Abstract

In 1990 Cooper suggested to use Groebner bases’ computations to decode cyclic codes and his idea gave rise to many research papers. In particular, as proved by Sala-Orsini, once defined the polynomial ring whose variables are the syndromes, the locations and the error values and considered the syndrome ideal, only one polynomial of a lexicographical Groebner basis for such ideal is necessary to decode (the general error locator polynomial, a.k.a. GELP). The decoding procedure only consists in evaluating this polynomial in the syndromes and computing its roots: the roots are indeed the error locations. A possible bottleneck in this procedure may be the evaluation part, since a priori the GELP may be dense.

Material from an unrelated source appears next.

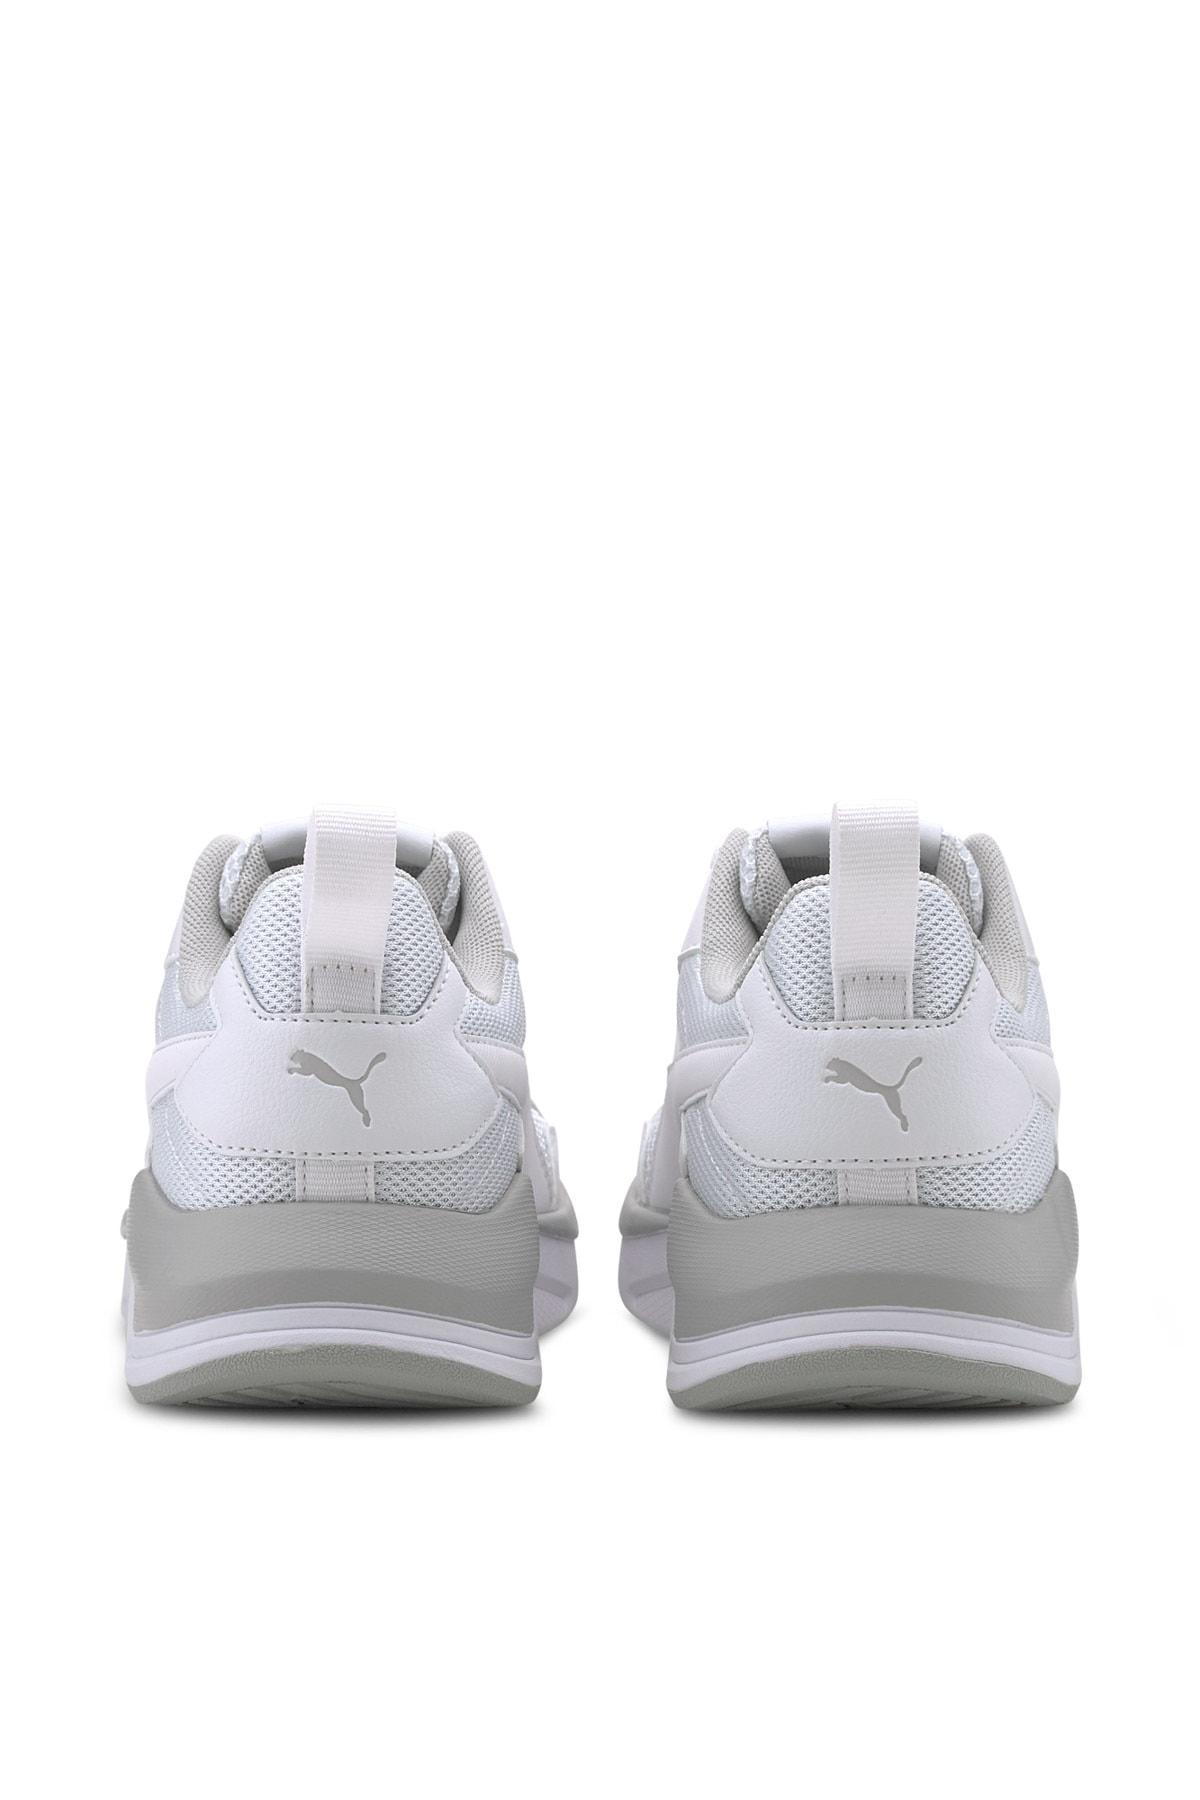 Puma X-RAY LITE JR Beyaz Kız Çocuk Sneaker Ayakkabı 100660673 2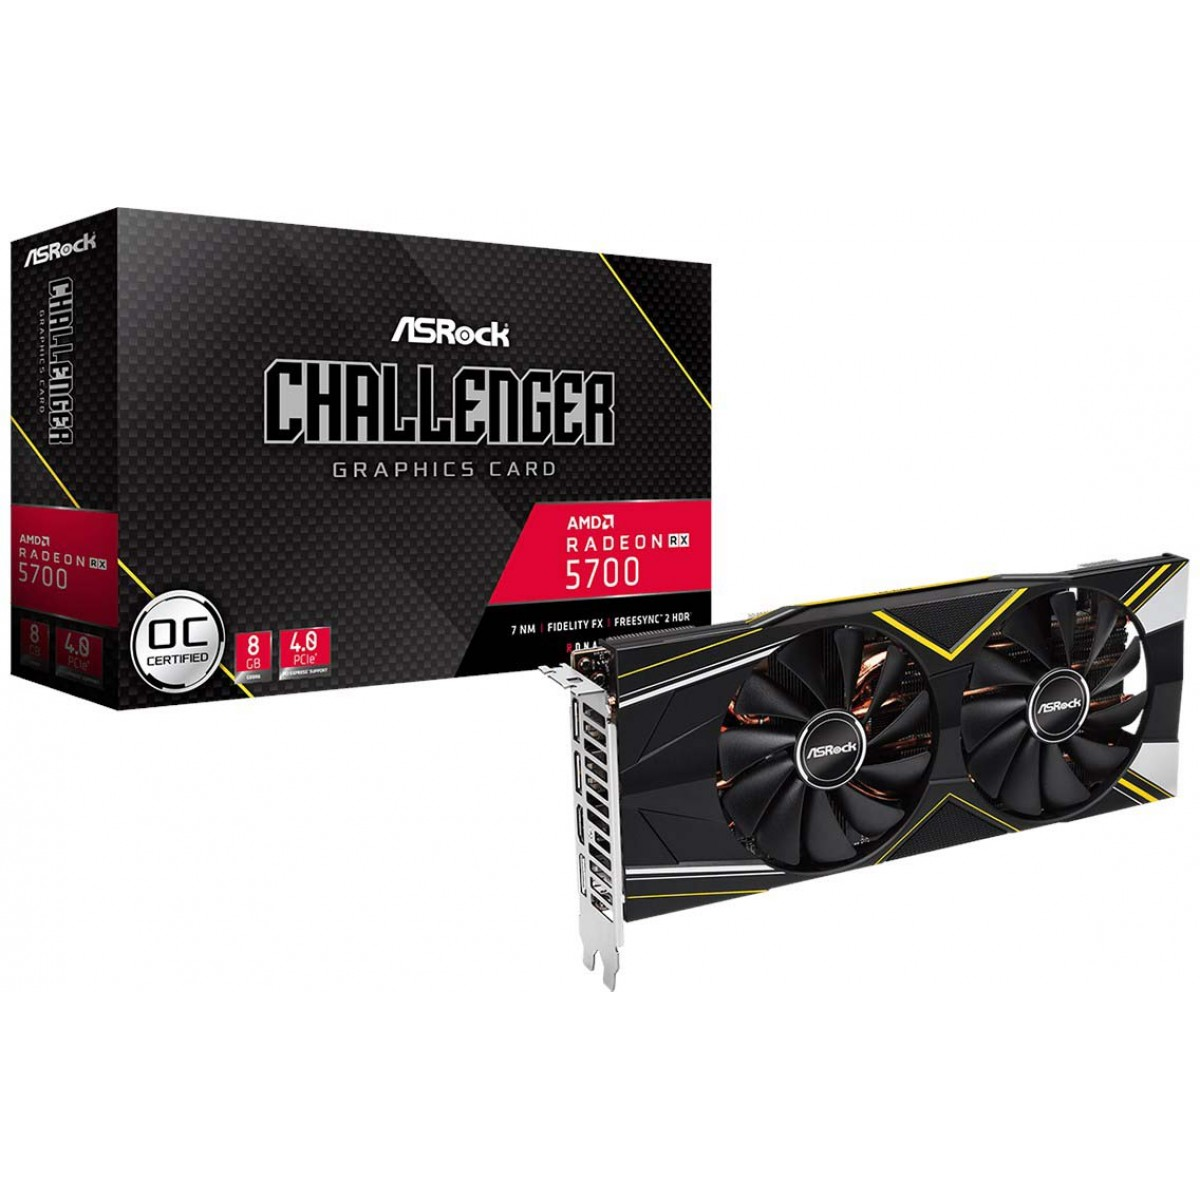 Placa de Vídeo Asrock Radeon Navi RX 5700 Challenger D, 8GB GDDR6, 256Bit, 90-GA17ZZ-00UANF

In this paper, focusing on binary cyclic codes with length $$n=2^m-1$$, correcting up to two errors, we give a Groebner-free, sparse analog of the GELP, the half error locator polynomial (HELP). In particular, we show that it is not necessary to compute the whole Groebner basis for getting such kind of locator polynomial and we construct the HELP, studying the quotient algebra of the polynomial ring modulo the syndrome ideal by a combinatorial point of view. The HELP turns out to be computable with quadratic complexity and it has linear growth in the length n of the code: $${\mathcal {O}}\left( \frac{n+1}{2}\right)$$.